Due: Thursday, 18 November 2021 by 10:30pm
Summary: In this assignment, you will explore a variety of problems related to max flow.
Purposes: To enhance your understanding of the max flow problem. To provide further evidence that you have achieved particular course goals.
Collaboration (written): You may discuss this assignment with anyone you like, provided you credit such discussion when you submit the assignment. However, you should have such discussion before putting pen to paper (or stylus to screen, or fingers to keyboard).
Submitting: Turn in your printed/scanned work on Gradescope. Make sure to include your name, course information, and date.
Warning: So that this assignment is a learning experience for everyone, we may spend class time publicly critiquing your work.
We have recently learned the Ford-Fulkerson algorithm for finding the maximum flow in a weighted, directed graph. We’ve also started to explore how Max-Flow can be used to solve seemingly unrelated graph algorithms, such as finding the maximum number of connections in a bipartite graph (e.g., to assign people to jobs).
Consider graph given by the following edges.
S -16-> A (that is, there is an edge from S to A of weight 16)
A -12-> B
B -06-> T
S -13-> C
C -14-> D
D -20-> T
C -04-> A
B -09-> C
D -07-> B
Show the sequence of graphs (both updated original graphs and intermediate max flow graphs) for finding the max flow for that graph.
Consider a bipartite graph with nodes (A, B, C, D, E) on the left and the nodes (F, G, H, I) on the right. We have the following edges.
Draw this graph as appropriate for the max flow problem and show the graph after each step in finding the max flow. When given the choice of augmenting paths, choose the one that comes lexicographically first (e.g., choose the path through BF before the path through BH, and the path through CI before the path through DH).
Note: This problem is adapted from CLRS 26.3-1.
This problem is flawed enough that you are not expected to complete it. If you show me reasonable work on this problem, you will earn at least on token.

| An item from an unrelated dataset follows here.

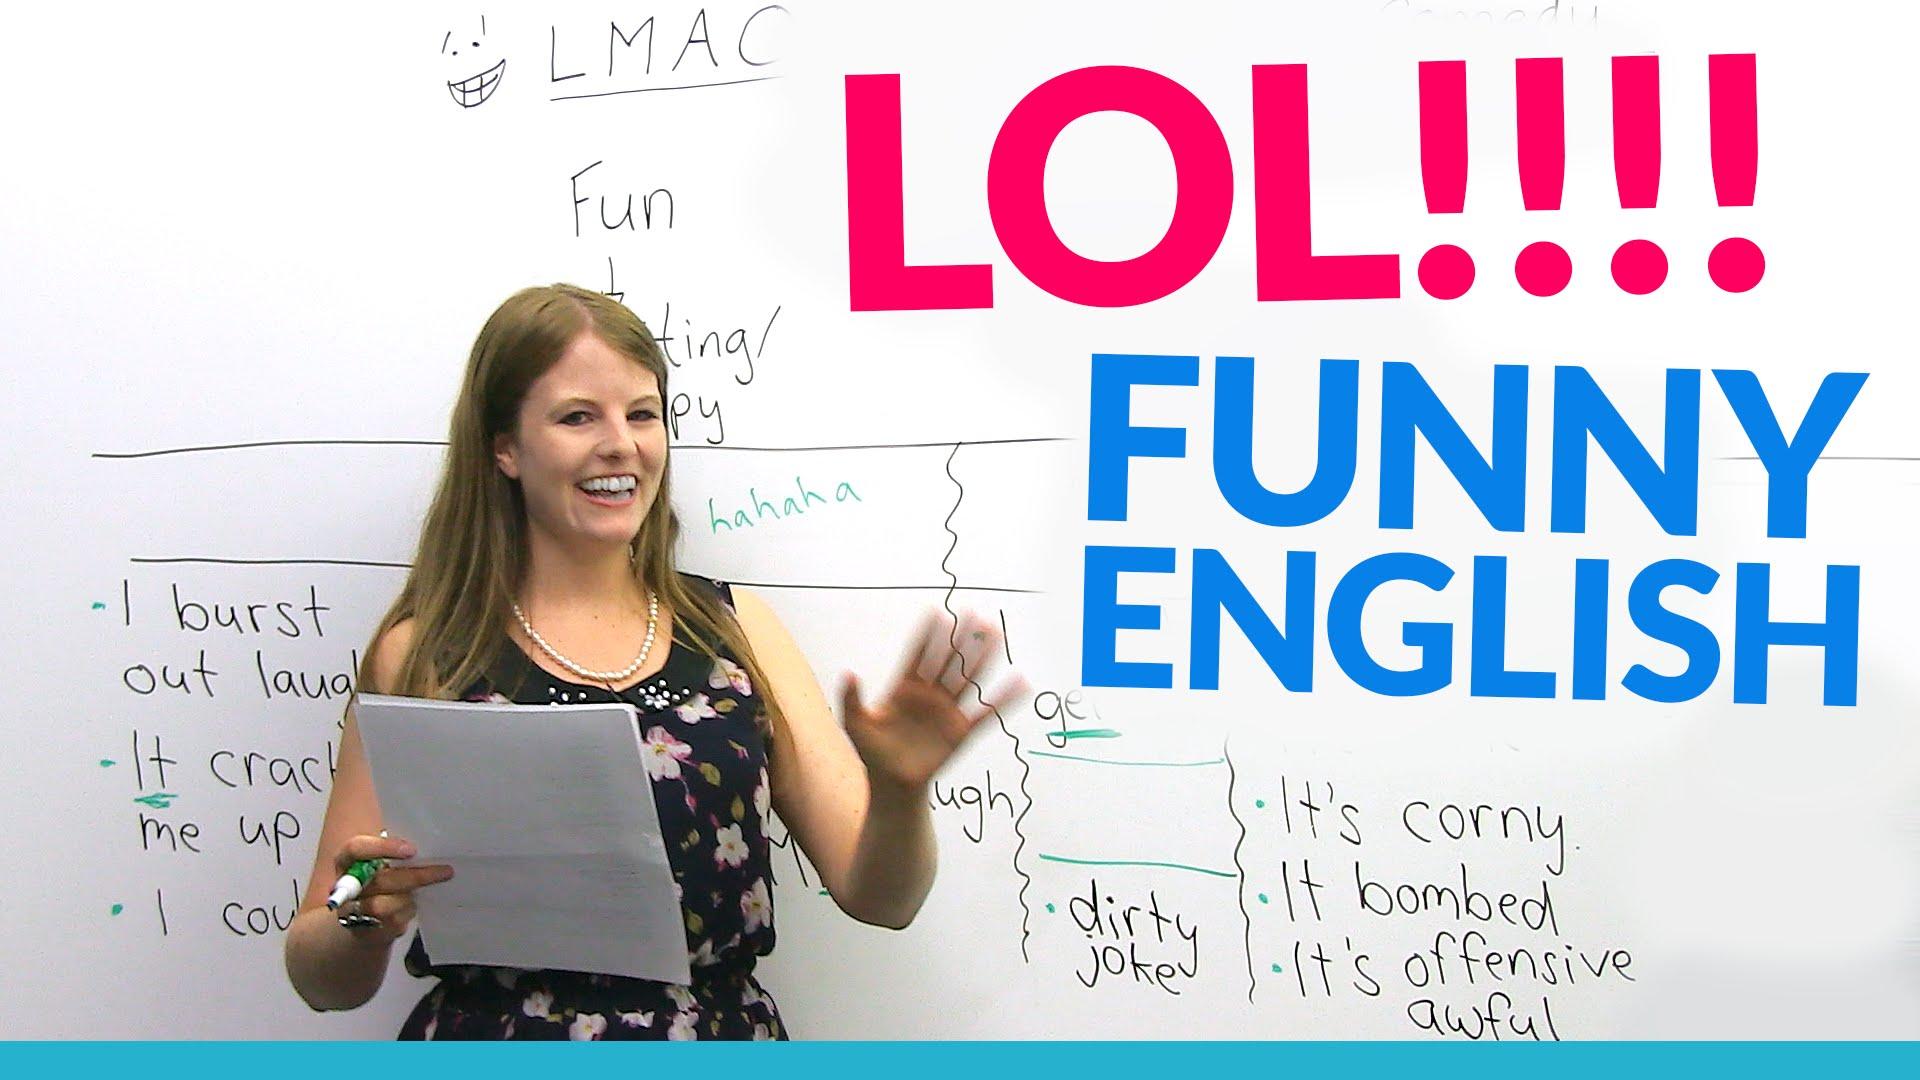 9個練習 英文口說 時常犯的錯 | 英文學習網址 | 啄木鳥學習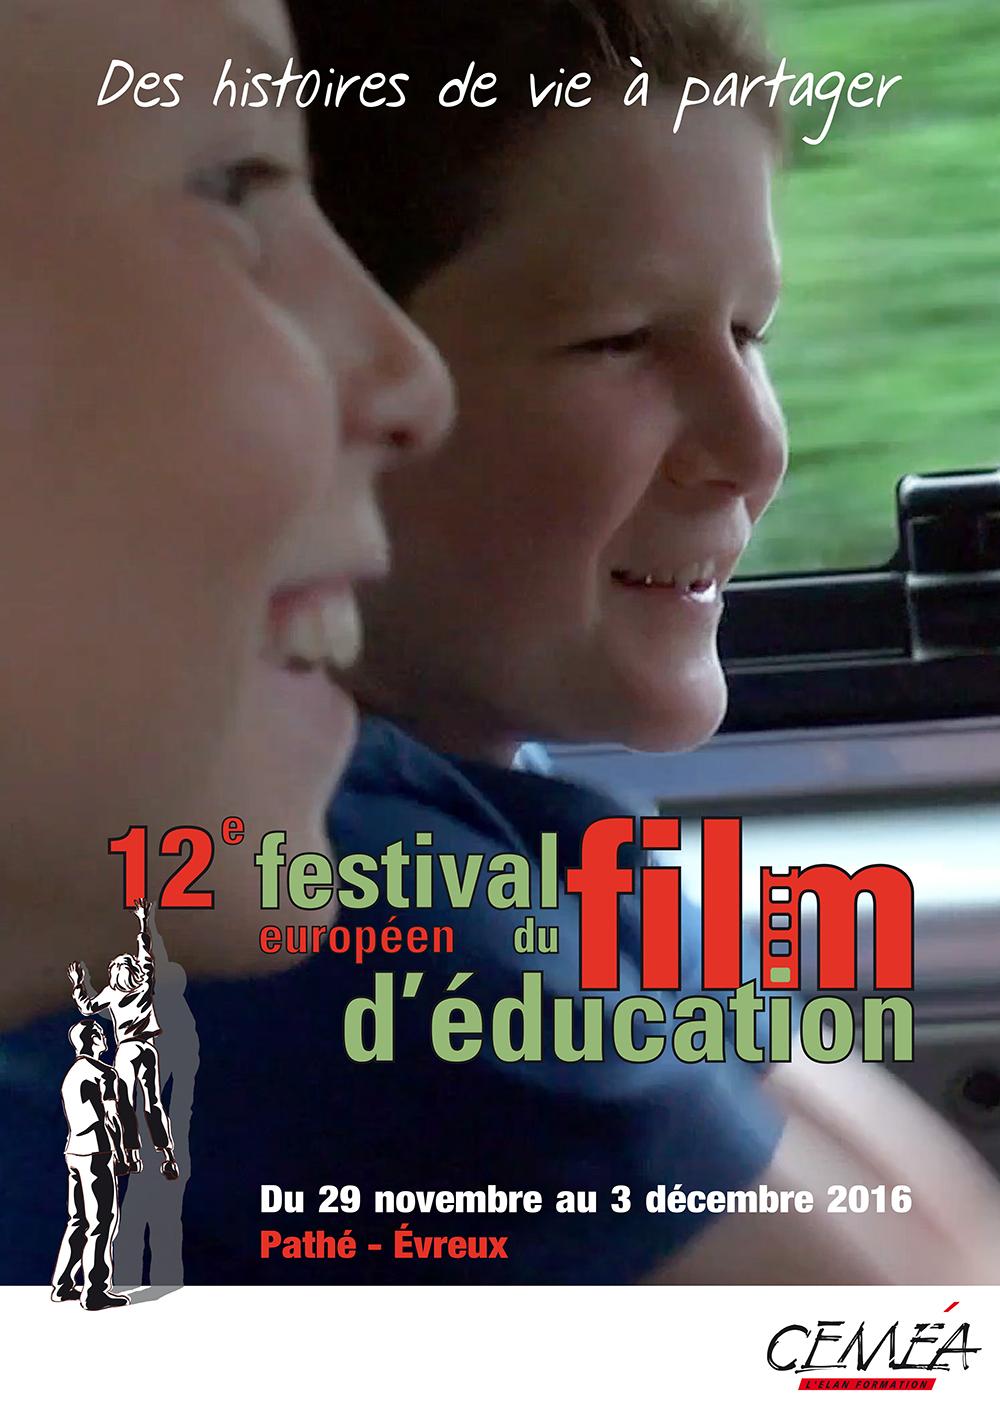 Festival européen du film d'éducation

In the task assignment problem, we are given a set of n workers and
a set of m tasks. Each worker has an integer workload capacity, which
you can think of as the number of hours that the worker is available to
work. Each worker also has a list of tasks they have the background
to complete. Each task has an expected number of hours it takes to
complete.
For example, we might have the following
Workers:
Tasks:
In a “task assignment”, you assign workers to tasks so that no worker works more than their capacity, workers only work on tasks they have the background to complete. No task has more than one worker. (Read The Mythical Man Month for why we can’t assume that k workers who each contribute h hours, don’t produce k*h hours of work.)
In the example above, we might assign worker w1 to tasks t2 and t3 (maximizing w1’s work), worker w2 to task t1 (the larger of the two tasks still available to it), and worker w3 to task t5 (the only task still available to it), leaving t4 unassigned. In this model, we complete 22 of the 20 hours available.
We could also make the less sensible assignments of worker w1 to t2, worker w2 to t4, and worker w3 to t5, completing only 12 hours of tasks.
There should also be an assignment that completes all the tasks, but we’ll leave that as an exercise for the reader.
The task assignment problem asks you to find the task assignment that gives the highest total amount of assigned work.
Write an algorithm that solve the task assignment problem.
Hint: Express the task assignment problem as a graph in which the maximum flow also gives the optimal task assignment.
Note: If you can’t solve the unlikely-to-be-solvable problem, you can remove the “at most one worker per shift” problem.
As you may know, it can be difficult to assign workers to weekend shifts. You would like to distribute shifts so that every shift is covered. You also have to ensure that each worker works no more than one weekend shift. Let’s look at how we model the problem.
You have a set of w workers and s shifts. (Sounds somewhat familiar, doesn’t it?) Each worker has a list of shifts they are available to work. (The similarities continue.) Each worker can work at most c shifts. (It feels simpler than the earlier problem.) Shifts are grouped together, with each shift in exactly one group; you can think of these groups as representing weekends. (Ah! Now we have something new!)
Write an O(cws) algorithm that determines whether all the shifts can be covered and, if so, what that coverage is. As you might expect, you should represent the problem as a graph and use the max-flow algorithm to find the assignment (or to show that one is not possible).
You should also include a short argument that the algorithm runs in the O(cws) time.
Hint: You will likely need to add an extra set of nodes as compared to, say, the bipartite matching problem. In particular, you will find it helpful to add a node per worker/group pair.
Note: This problem is adapted from a problem by Kleinberg and Tardos.